I still can't believe it. He's really gone.

I know it was stupid of me to give up, but my legs felt like lead. They wouldn't obey my commands and all I could do was weep. I had just gotten my father back and now he is gone for real.

Tears continue to stream down my cheeks without stopping, even as I am dragged down a flight of steps and into a dark room.

I feel empty. After all that has happened, there is nothing left inside me. Zane and Max are gone. My father is dead. And who knows what will become of me.

Vaguely I am aware of some men taking my hands and lifting them above my head. They close cold metal around my wrists and then let go. The metal around my wrists is attached to the ceiling and keep me on my feet unwillingly. All I want to do is lay down and curl up into a ball.

"You're gonna pay for causing so much trouble, girl," A man growls in my ear. Then the pain comes.

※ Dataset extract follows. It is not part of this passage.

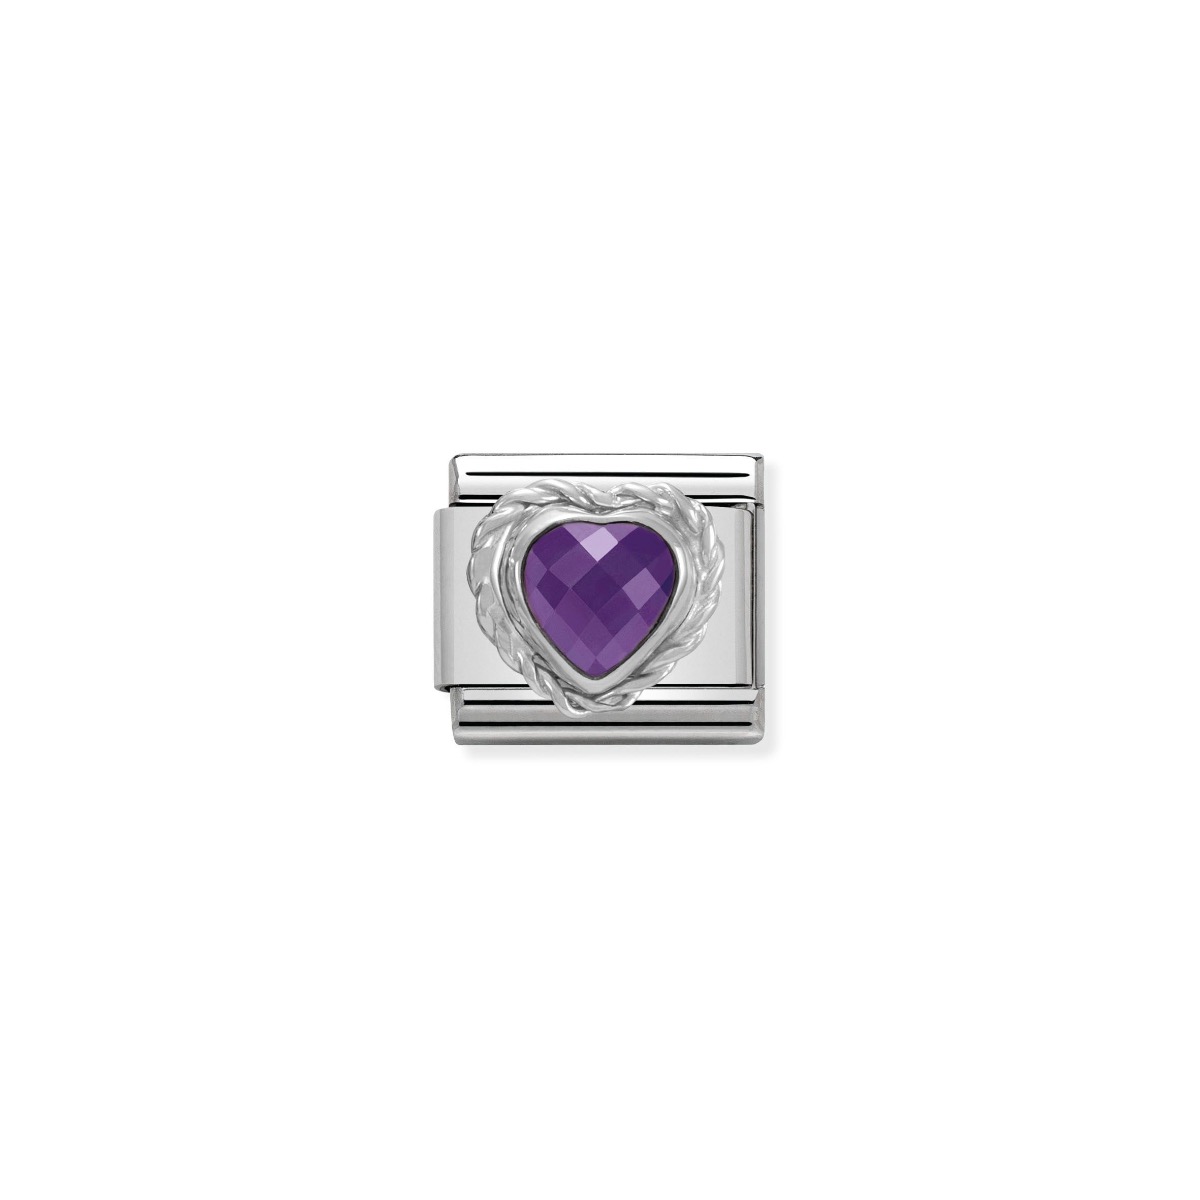 Nomination Silver and Zirconia Classic Faceted Heart Charm - Purple - 330603/001

I feel my hands being lifted up higher into the air until I can no longer touch the ground. My arms are stretched painfully and I long to be able to touch the ground.

"Please..." I weep, tears covering my face.

"Oh, we haven't even started yet," someone says menacingly.

For an unknown amount of time, they hurt me. They cut me with some sort of knives at first, carving them deep into my face and arms as I cry loudly. Everything hurts so bad.

"Scream already!" one man goads angrily. But I don't have the energy in me to do as he says.

And when I don't it only infuriates them even more. My eyes are tightly closed, but they shoot open when a burning, hot pain shoots through my side.

Still, I don't scream. But when I look down I almost throw up. They burned me! My shirt is smoking and there is a hole in the side where they stuck a red hot rod onto my skin.

They still don't seem satisfied and one of them comes over to me with a knife, whispering in my ear, "I can make you scream, I think." My whole body shudders.

Suddenly, he jams the knife into my stomach and I do scream. I scream and scream louder than ever before, the pain demanding to be felt.